* [Work required]: Set down every entry again, exactly as it appears.

Records from a data collection:

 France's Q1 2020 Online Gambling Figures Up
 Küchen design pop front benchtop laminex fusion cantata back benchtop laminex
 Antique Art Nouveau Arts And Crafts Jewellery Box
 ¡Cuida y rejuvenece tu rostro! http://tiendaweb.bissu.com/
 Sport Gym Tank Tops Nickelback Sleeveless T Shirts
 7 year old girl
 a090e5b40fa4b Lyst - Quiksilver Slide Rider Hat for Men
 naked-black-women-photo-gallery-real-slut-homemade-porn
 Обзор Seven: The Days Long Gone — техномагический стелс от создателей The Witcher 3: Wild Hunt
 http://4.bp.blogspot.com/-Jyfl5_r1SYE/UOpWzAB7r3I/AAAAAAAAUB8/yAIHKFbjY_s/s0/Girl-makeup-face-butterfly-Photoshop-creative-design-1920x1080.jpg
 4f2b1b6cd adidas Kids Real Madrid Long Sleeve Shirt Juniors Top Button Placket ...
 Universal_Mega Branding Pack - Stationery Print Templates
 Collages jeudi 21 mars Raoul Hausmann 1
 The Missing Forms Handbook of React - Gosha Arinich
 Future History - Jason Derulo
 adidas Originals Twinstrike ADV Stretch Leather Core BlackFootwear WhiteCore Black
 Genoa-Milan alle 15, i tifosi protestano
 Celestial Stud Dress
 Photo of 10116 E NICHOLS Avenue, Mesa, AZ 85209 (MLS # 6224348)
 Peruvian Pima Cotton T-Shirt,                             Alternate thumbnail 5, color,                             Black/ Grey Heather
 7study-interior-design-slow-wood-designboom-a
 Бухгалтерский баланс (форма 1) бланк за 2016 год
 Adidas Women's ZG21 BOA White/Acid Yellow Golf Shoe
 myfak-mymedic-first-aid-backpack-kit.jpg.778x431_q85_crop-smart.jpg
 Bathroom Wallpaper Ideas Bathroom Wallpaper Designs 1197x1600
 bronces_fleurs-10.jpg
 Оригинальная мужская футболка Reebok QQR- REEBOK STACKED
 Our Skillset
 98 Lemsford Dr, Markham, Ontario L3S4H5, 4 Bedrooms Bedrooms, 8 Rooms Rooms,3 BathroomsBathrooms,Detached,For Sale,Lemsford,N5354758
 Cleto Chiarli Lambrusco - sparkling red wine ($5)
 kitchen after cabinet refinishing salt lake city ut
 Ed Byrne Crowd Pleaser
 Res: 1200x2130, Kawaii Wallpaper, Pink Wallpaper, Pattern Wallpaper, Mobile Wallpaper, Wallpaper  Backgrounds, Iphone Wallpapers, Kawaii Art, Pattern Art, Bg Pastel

* [Your solution]:
 France's Q1 2020 Online Gambling Figures Up
 Küchen design pop front benchtop laminex fusion cantata back benchtop laminex
 Antique Art Nouveau Arts And Crafts Jewellery Box
 ¡Cuida y rejuvenece tu rostro! http://tiendaweb.bissu.com/
 Sport Gym Tank Tops Nickelback Sleeveless T Shirts
 7 year old girl
 a090e5b40fa4b Lyst - Quiksilver Slide Rider Hat for Men
 naked-black-women-photo-gallery-real-slut-homemade-porn
 Обзор Seven: The Days Long Gone — техномагический стелс от создателей The Witcher 3: Wild Hunt
 http://4.bp.blogspot.com/-Jyfl5_r1SYE/UOpWzAB7r3I/AAAAAAAAUB8/yAIHKFbjY_s/s0/Girl-makeup-face-butterfly-Photoshop-creative-design-1920x1080.jpg
 4f2b1b6cd adidas Kids Real Madrid Long Sleeve Shirt Juniors Top Button Placket ...
 Universal_Mega Branding Pack - Stationery Print Templates
 Collages jeudi 21 mars Raoul Hausmann 1
 The Missing Forms Handbook of React - Gosha Arinich
 Future History - Jason Derulo
 adidas Originals Twinstrike ADV Stretch Leather Core BlackFootwear WhiteCore Black
 Genoa-Milan alle 15, i tifosi protestano
 Celestial Stud Dress
 Photo of 10116 E NICHOLS Avenue, Mesa, AZ 85209 (MLS # 6224348)
 Peruvian Pima Cotton T-Shirt,                             Alternate thumbnail 5, color,                             Black/ Grey Heather
 7study-interior-design-slow-wood-designboom-a
 Бухгалтерский баланс (форма 1) бланк за 2016 год
 Adidas Women's ZG21 BOA White/Acid Yellow Golf Shoe
 myfak-mymedic-first-aid-backpack-kit.jpg.778x431_q85_crop-smart.jpg
 Bathroom Wallpaper Ideas Bathroom Wallpaper Designs 1197x1600
 bronces_fleurs-10.jpg
 Оригинальная мужская футболка Reebok QQR- REEBOK STACKED
 Our Skillset
 98 Lemsford Dr, Markham, Ontario L3S4H5, 4 Bedrooms Bedrooms, 8 Rooms Rooms,3 BathroomsBathrooms,Detached,For Sale,Lemsford,N5354758
 Cleto Chiarli Lambrusco - sparkling red wine ($5)
 kitchen after cabinet refinishing salt lake city ut
 Ed Byrne Crowd Pleaser
 Res: 1200x2130, Kawaii Wallpaper, Pink Wallpaper, Pattern Wallpaper, Mobile Wallpaper, Wallpaper  Backgrounds, Iphone Wallpapers, Kawaii Art, Pattern Art, Bg Pastel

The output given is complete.